The public is gathering at a fentanyl poisoning awareness event

April 16 – Tearful testimonies and words of support were exchanged at a warning rally on fentanyl poisoning held Thursday in Hunt County District Court.

The event, titled “Don’t Cheyenne, It’s Not a SMALL PROBLEM,” was held on the one-year anniversary of the death of Cheyenne Little of Greenville, who died of fentanyl poisoning at the age of 26.

“It’s amazing to see you all here and when I look at your face, I see Cheyenne because many of you have been a part of Cheyenne’s life and it’s a world for me,” said Cheyenne’s mother, Misty Greer-Little. that he addressed a crowd of more than 150 people.

On April 14, 2021, Cheyenne was given a pill that was supposed to be hydrocodone, but was actually fentanyl.

At Thursday’s event, guest Stephanie Helster told a similar story to Greer-Little. Helster lost his son Kyle Sexton in 2020. When Helstern spoke, he highlighted the difference between “overdose” and “poisoning”.

“A lot of people use the word overeating, but what is overeating? The big deal is that you’re overeating. No, my son is poisoned,” Helstern said. “She thought she was eating something else (Perkoset) and was tricked. Instead, we call it fentanyl poisoning. That’s the way Cheyenne got lost.”

“We’re trying to inform the media and I had a conversation with Governor (Greg) Abbott last month and he’s still talking about it, so we’re changing the text to remove the stigma,” Helstern said.

Several speakers at the event also warned that young people are being targeted by dealers through social media sites such as Snapchat, and that various emojis (internet icons) are sometimes used as symbols.

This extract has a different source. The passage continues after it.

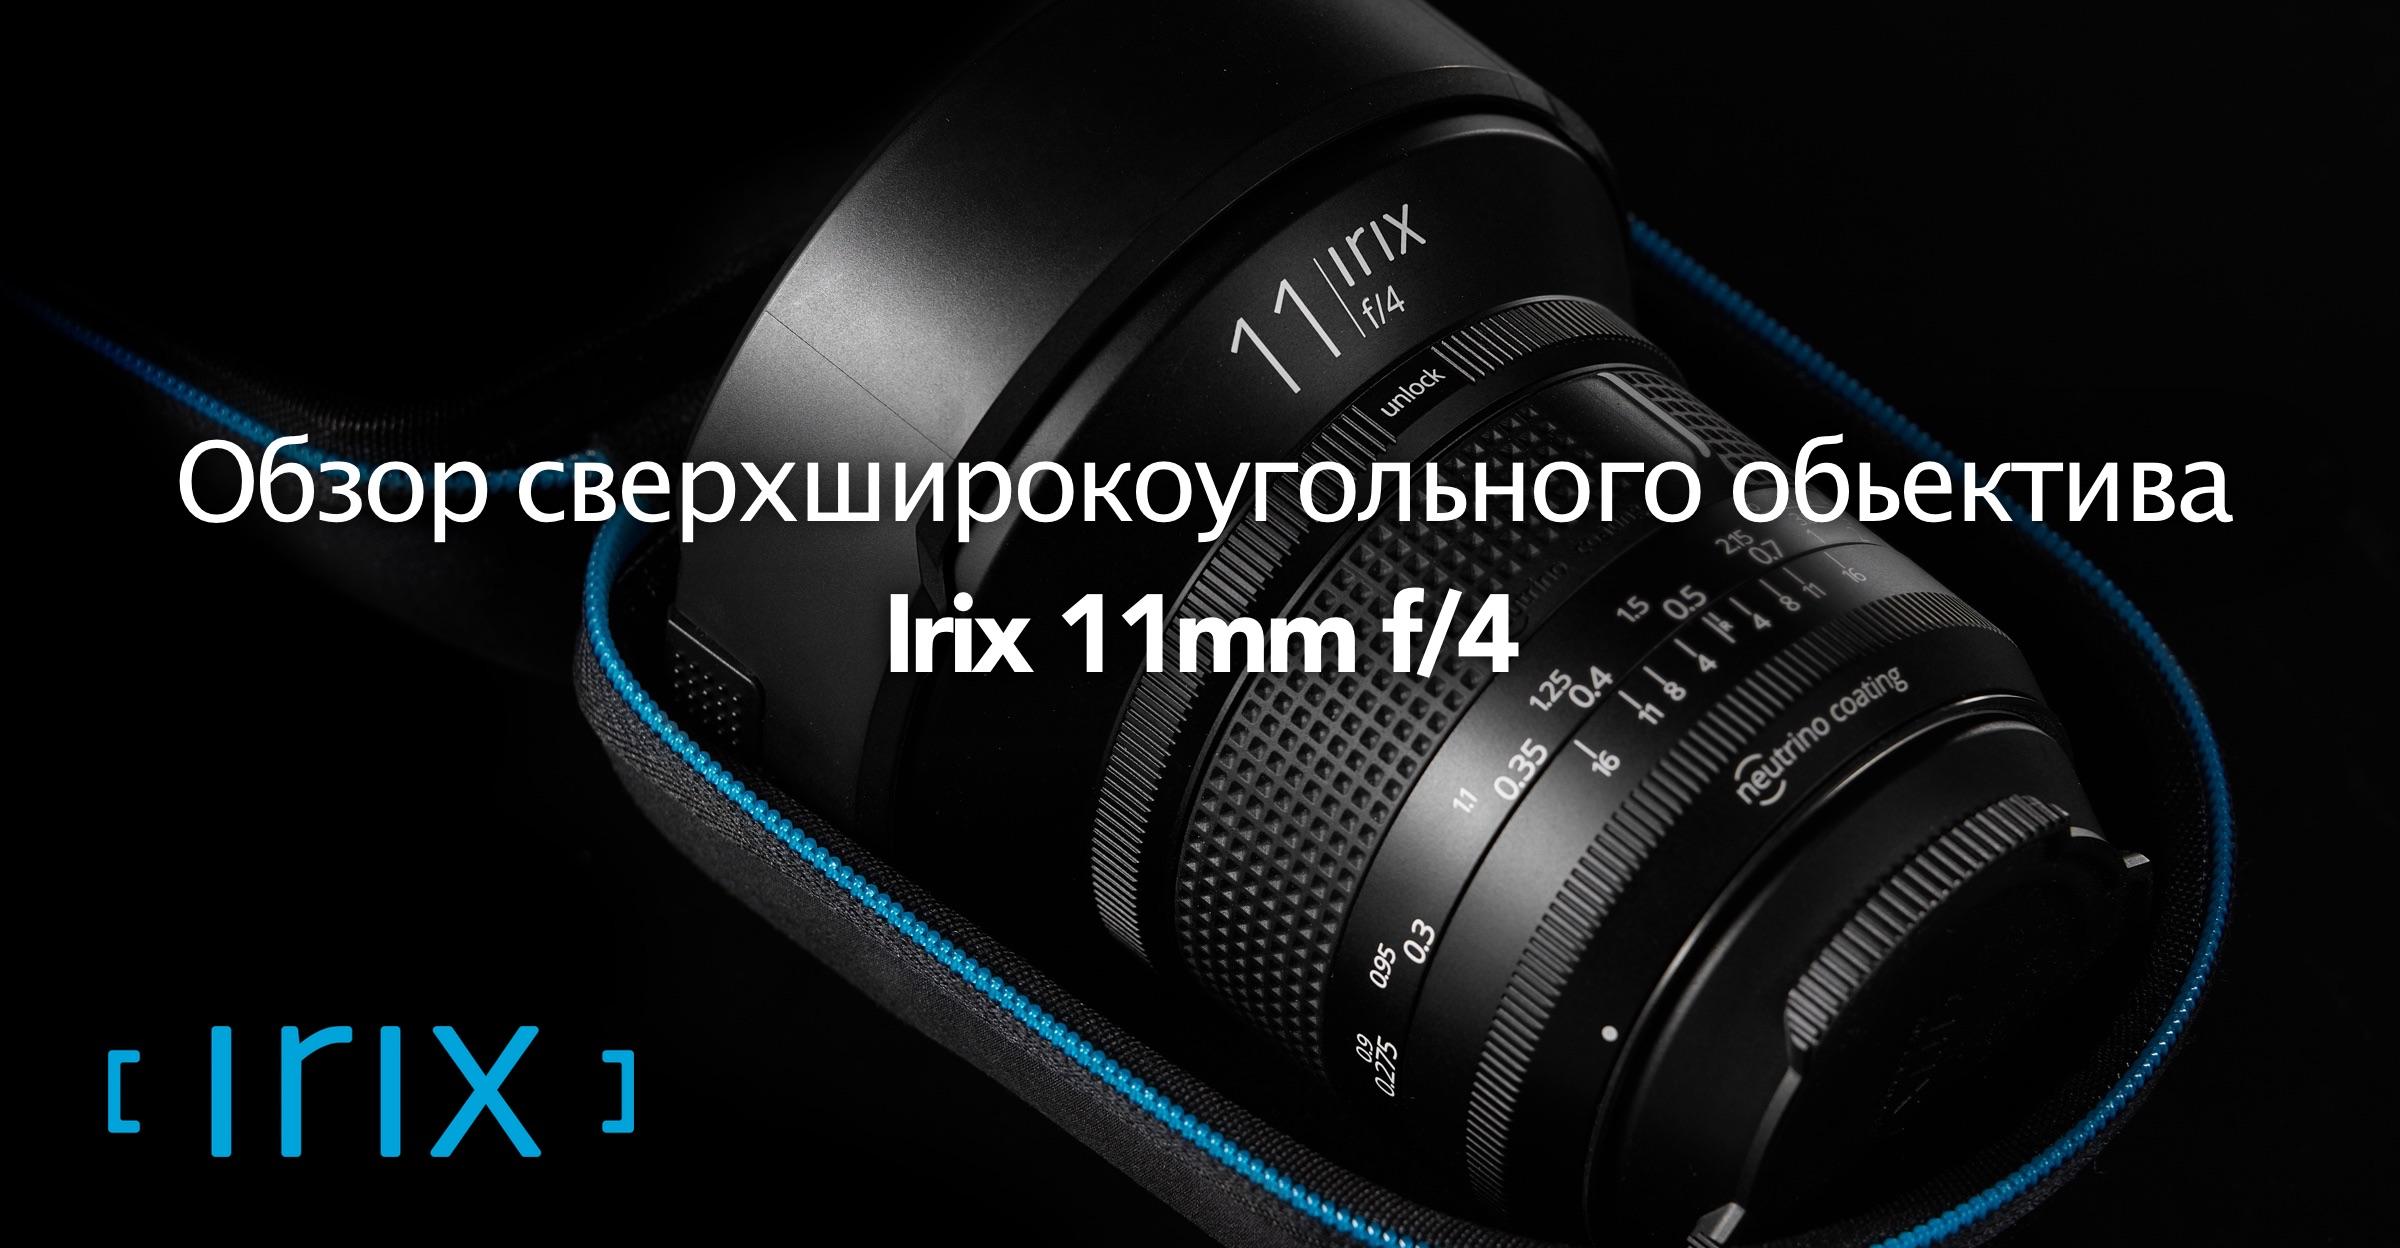 Обзор объектива Irix 11mm f/4

“These dealers sell medicine to our children and the child only needs a phone and $ 20 and the medicine is delivered to them like pizza,” Greer-Little said.

Another thing that speakers at the event preached was the warning about NARCAN (Naloxone), an emergency drug in the form of a nasal spray that is used to combat breathing problems after excessive doses of opium.

“You have to keep this (NARCAN) in your medical office. You have to keep it in your wallet,” Helstern said, recalling incidents in which law enforcement officers fainted while providing assistance from accidental exposure to fentanyl. large amounts of NARCAN when transported to the hospital.

The event was organized by 3FP (Fiercely Fighting Fentanyl Poisoning), a group founded by Greer-Little to help the public about the dangers of illegally produced fentanyl. The meeting was marked by a statement read out by Hunt County Judge Bobby Stowall.

In the near future, 3FP plans to hold a panel discussion on this topic.